Despite the short notice of the meeting – only about 36 hours – some 100 people attended the meeting held at the village’s Royal British Legion.

The focus of the meeting was on how to persuade Communities and Local Government Secretary, Eric Pickles, to “call in” the application, following the decision by Worcestershire County council to grant permission for the scheme.

The meeting was chaired by Ray Kirby, the Chairman of WAIL (Worcestershire Against Incineration and Landfill).

Peter told the meeting that he had already written to Mr Pickles, urging him to call in the application and that he had also forwarded WAIL’s “excellent letter” to the minister, endorsing all their arguments.

He now promised to write a further letter, making additional points raised at the meeting.

Commenting, Peter said,

“It was a constructive and good natured occasion, but there is justifiable and rising anger in the village that this monstrosity could be imposed upon them.
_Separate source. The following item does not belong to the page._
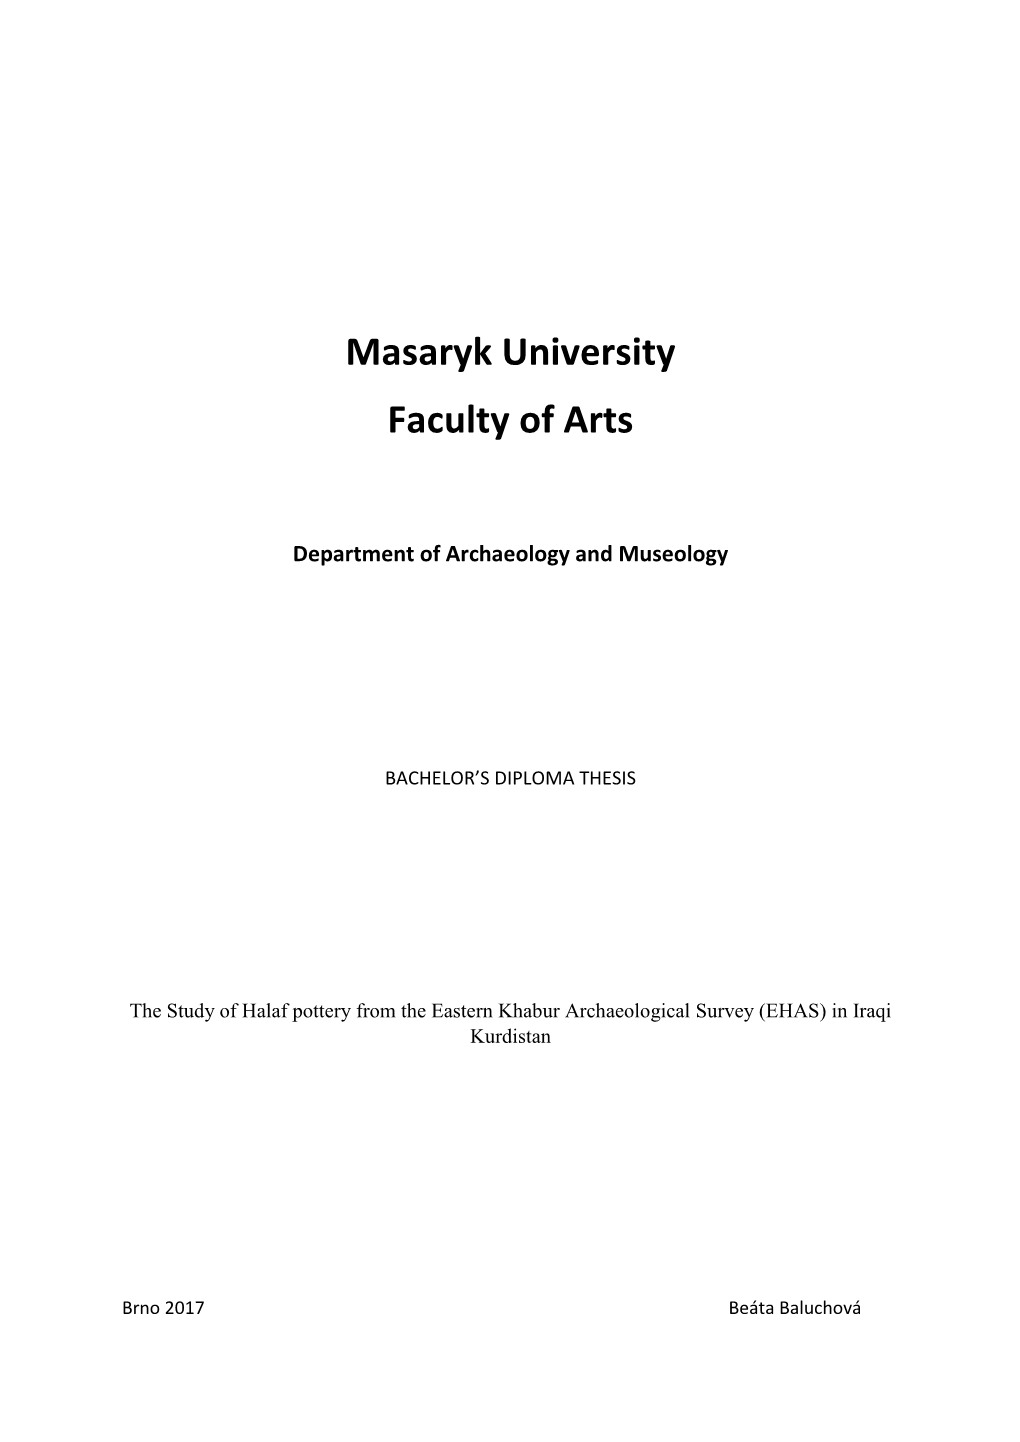 Masaryk University Faculty of Arts

“I sincerely hope the application will be called in and a full public inquiry held. Every concerned citizen of Worcestershire should write to Mr Pickles urging this course of action.

“The decision of Worcestershire County Council to approve the incinerator flies in the face of Green Belt policy and is completely out of line with all emerging thinking on handling waste. The council itself appears to have prejudged the application and it has a conflict of interest as it both owns the site and is the signatory of the underlying waste contract with Severn Waste who will build and operate the incinerator.

“The community, the parish council and the district council all strongly oppose the plan, so the decision of the County to try to impose it on Hartlebury flies in the face of the government’s localism agenda. There are also serious questions about the energy efficiency of the facility and its economics.”